For sites that need Cloudflare-gated access or are fully JS-rendered with no useful initial HTML (eBay search results, Datadome-protected sites), reach for a visit: it binds the rendered document to $<name>.dom, which you extract from the same way a step extracts from a static response.

Content-type dispatch

step HTTP responses are decoded by content type:

  • application/json (or no content-type with parseable JSON) → response is a JSON value.
  • text/html, text/xml, text/plain, etc. → response is a string. Pipe through parseHtml to query.

The fallback is intentional: an HTML response doesn't crash the recipe; it just lands as a string the recipe explicitly chooses to parse. This makes the parsing step legible at the call site rather than implicit.

Browser visit: $visit.dom

Some sites lock HTTP scrapers out: Cloudflare, Akamai, and similar serve a JS challenge or a 403 to anything that isn't a real browser. For those, a visit drives a hidden WKWebView through the gate, settles the page, and binds the rendered HTML to $<name>.dom.

forage
recipe "letterboxd-popular"

type Film { title: String, url: String? }

visit popular {
    url    "https://letterboxd.com/films/popular/this/week/"
    scroll until noProgressFor(2)
}

for $poster in $popular.dom | select("div.poster.film-poster") {
    emit Film {
        title  $poster | select("span.frame-title") | text
        url $poster | select("a.frame") | attr("href")
    }
}

$popular.dom is the parsed post-settle document; recipes walk it with select(...) directly, no parseHtml call needed. The rest is the same extraction primitive working over a different content source.

Coverage:

  • Works for Cloudflare-protected sites with JS challenges (Letterboxd, many mid-tier e-commerce sites, smaller news sites).

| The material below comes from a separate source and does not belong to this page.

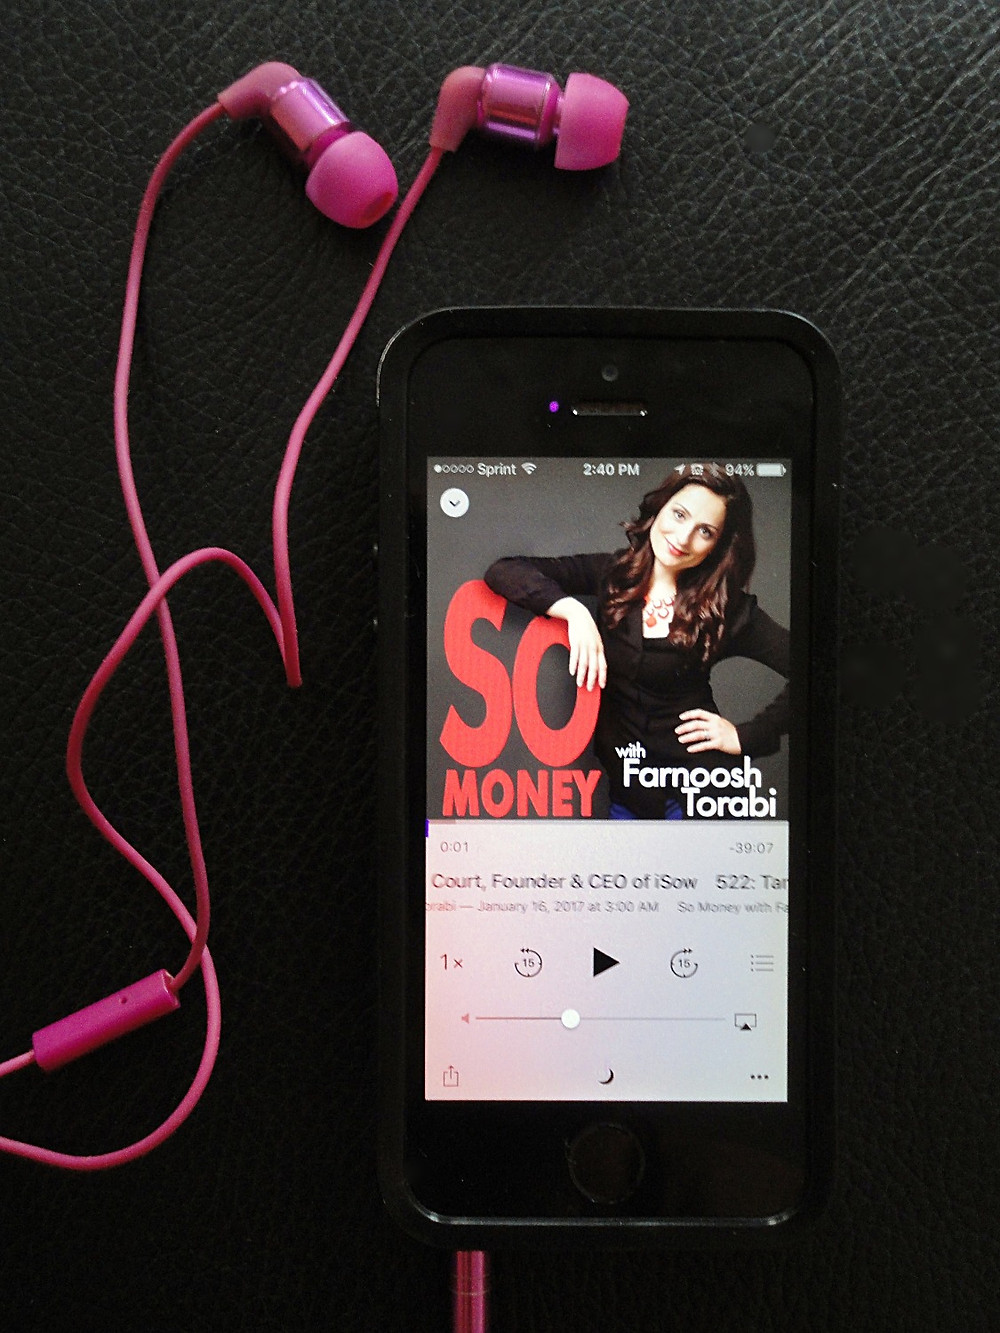 So Money by Farnoosh Torabi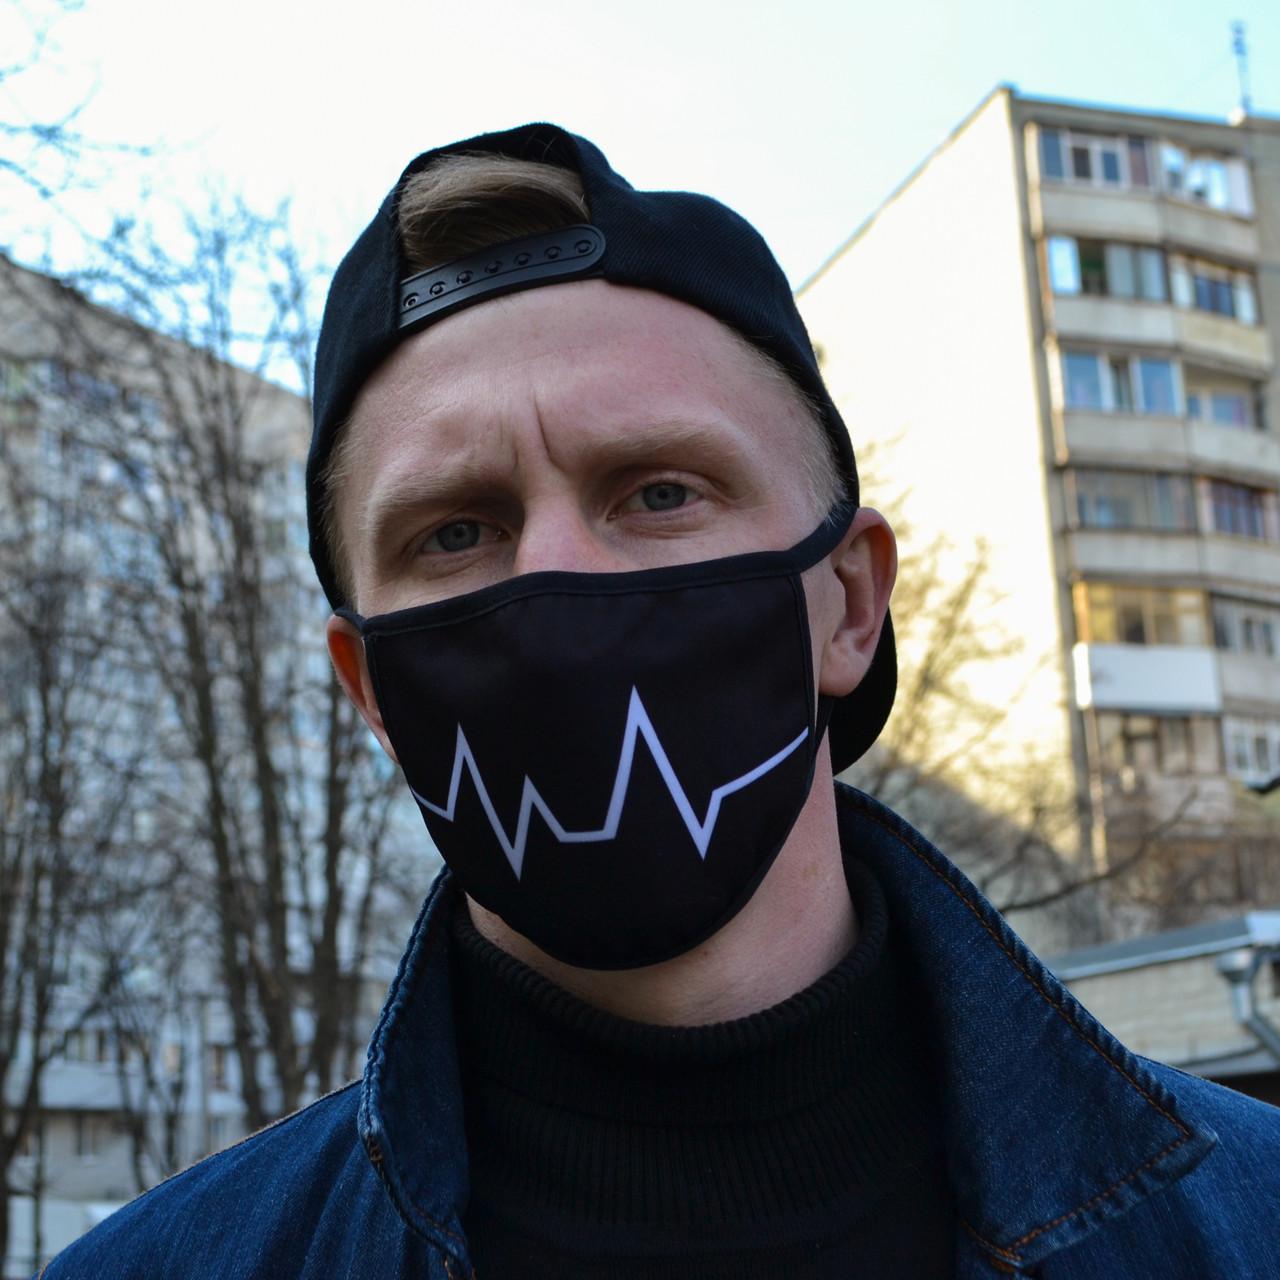 "Маска унисекс черная маска для лица ""Кардиограмма"" многоразовая тканевая"

A visit passes the challenge by virtue of being a real WebKit.
  • CAPTCHA-walled sites (eBay's Akamai layer, Datadome on hot-ticket sites) need a human to clear the verification; a visit doesn't solve human-verification challenges on its own.
  • Works in replay mode. Archived runs preserve each visit's capture in _fixtures/<recipe>.jsonl; ReplayVisitSource matches each visit to its capture without re-navigating.

Recipe inventory

Browse the canonical recipes on hub.foragelang.com:

  • hacker-news-html: HN front page scraped from the rendered HTML, as a companion to the JSON-API version in hacker-news. Same record shape, different data source.
  • scotus-opinions: US Supreme Court slip opinions for a given term, extracted from supremecourt.gov's HTML table. Typed Opinion records with date, docket number, case name, PDF URL, and holding text.
  • letterboxd-popular: Films popular this week on Letterboxd, scraped via a visit through Cloudflare. End-to-end demonstration of $visit.dom.

The step recipes (HN HTML, SCOTUS) are the smallest end-to-end uses of the HTML-extraction primitive. The visit recipe (Letterboxd) is the smallest use of $visit.dom. Copy any of them as a starting template.